Nato a Motteggiana (Mantova) nel 1923, impiccato a Bologna il 23 agosto 1944, manovale edile, Medaglia d'argento al valor militare alla memoria.

Al momento dell'armistizio si trovava, come marinaio di leva, a La Spezia. Fuggito per tornare in famiglia, si era fermato a Bologna presso alcuni parenti. Di qui, all'inizio del 1944, aveva raggiunto i patrioti della Brigata "Stella Rossa", guidata da Mario Musolesi e operante tra Marzabotto e Vergato. Passato poi nella zona di Montefiorino aveva partecipato, con i partigiani della Divisione "Modena", tra il 29 luglio e il 2 agosto, alla battaglia per la difesa di quella "libera Repubblica". Mandato in missione a Bologna, Stenio, che era in compagnia della sorella Leda, fu sorpreso dai fascisti al capolinea del tram per Casalecchio. Fece fuggire Leda e affrontò i nemici a colpi di pistola. Riuscì ad abbattere un milite, ma fu catturato e subito portato in via Siepelunga, dove era il covo del caporione fascista Tartarotti. Qui Stenio Polischi (altri antifascisti avrebbero poi raccontato delle sadiche sevizie a cui il giovane fu sottoposto), fu a lungo torturato. Il suo calvario si concluse con l'impiccagione in via Venezian (una semplice lapide lo ricorda nel luogo del sacrificio). Il giovane partigiano era stato tanto straziato che fu appeso, morente, con il viso avvolto da bende: i passanti non dovevano rendersi conto della ferocia dei fascisti.

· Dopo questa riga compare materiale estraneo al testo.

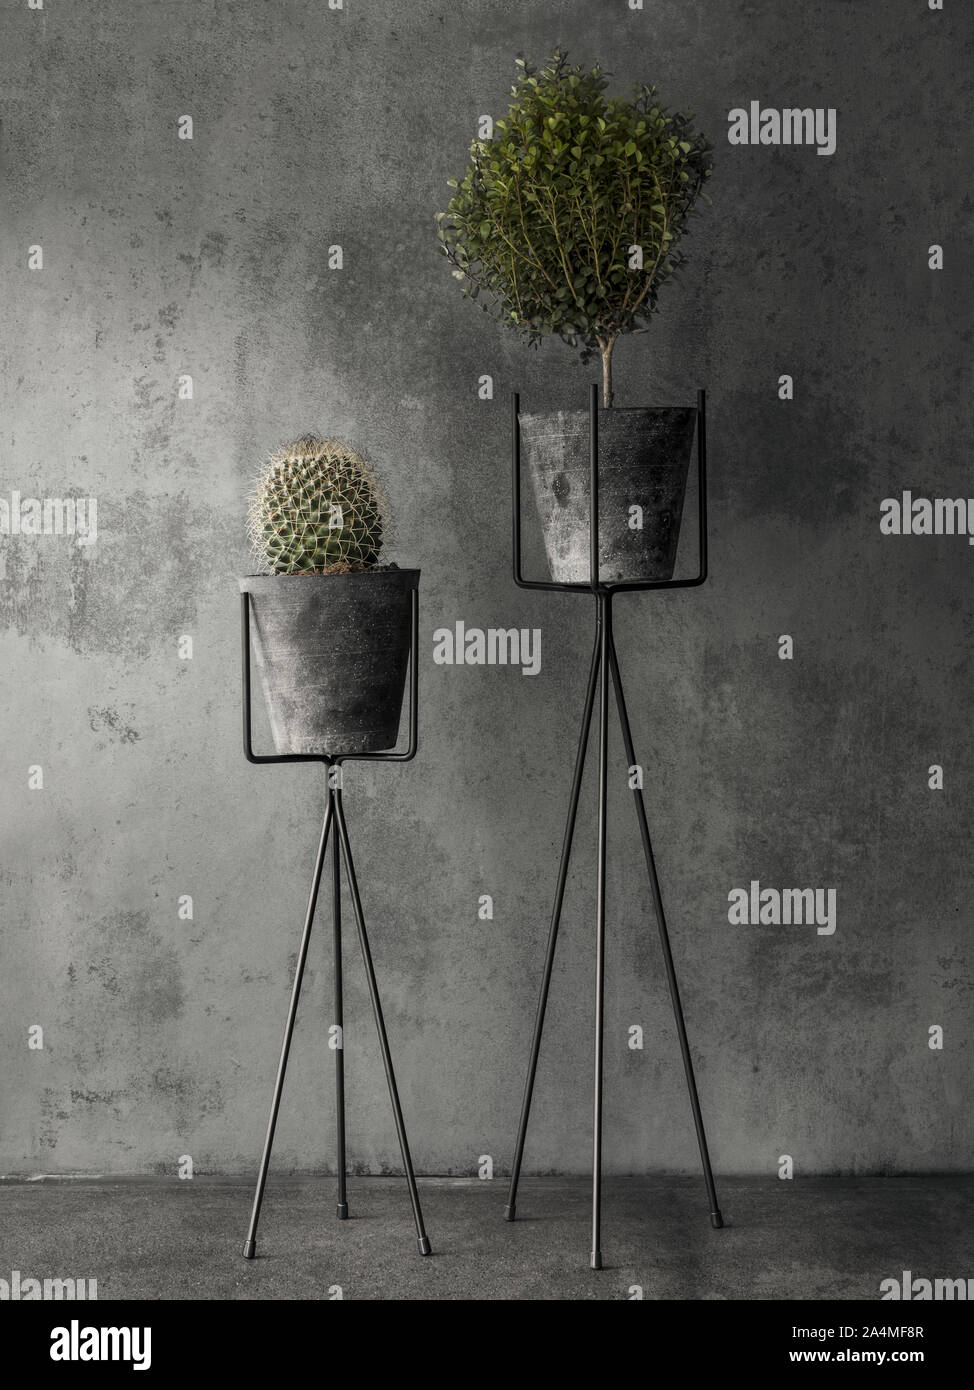 Piante in vaso contro uno sfondo grigio Foto Stock
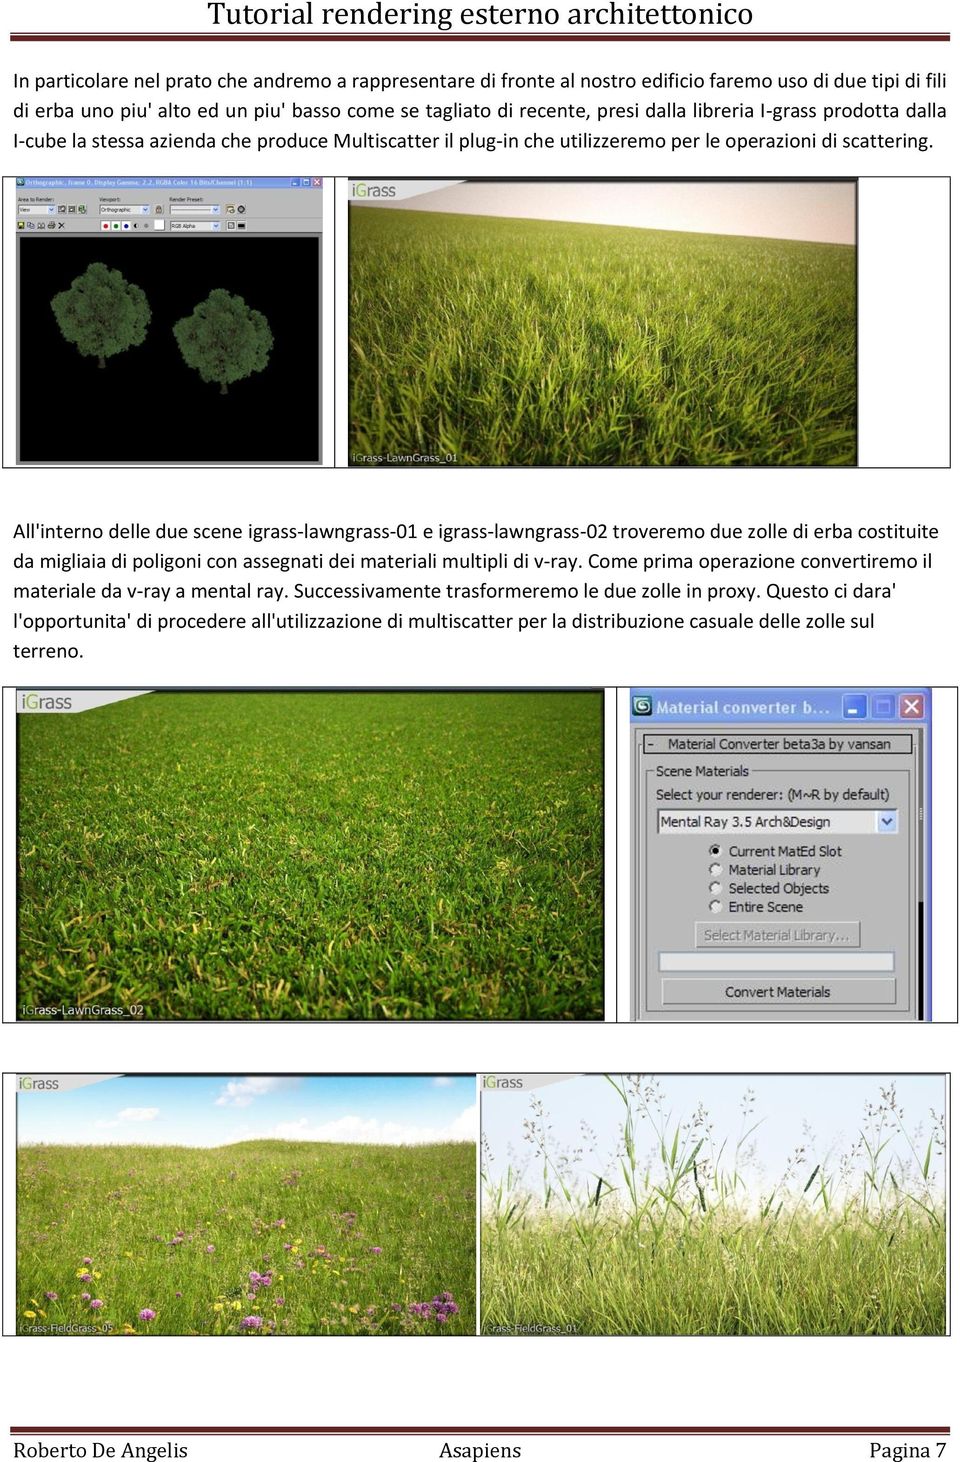 All'interno delle due scene igrass-lawngrass-01 e igrass-lawngrass-02 troveremo due zolle di erba costituite da migliaia di poligoni con assegnati dei materiali multipli di v-ray.

Il corpo di Stenio Polischi fu lasciato penzolare con un cartello sul petto; vi era scritto: "Ribelle catturato dall'ultima sua vittima". Dopo l'impiccagione di Stenio, il fratello sedicenne, Ermete, entrò nella Resistenza. Sarebbe caduto anche lui alla vigilia della Liberazione. A Stenio Polischi è stato intitolato un viale di Bologna. La motivazione della Medaglia concessa alla sua memoria dice: «Giovane combattente della libertà, si prodigò con entusiasmo sino dagli albori della lotta di liberazione ripetutamente distinguendosi per coraggio, per iniziativa e per decisione. Incaricato di portare un messaggio al comando partigiano di Bologna, venne sorpreso dal nemico. Ingaggiò combattimento ed esaurite le munizioni, prima di cadere in mani nemiche si preoccupò di distruggere il documento affidatogli. Lungamente e tormentosamente interrogato, mantenne contegno esemplare nulla rivelando e nel nome della Patria affrontò da forte il martirio della forca».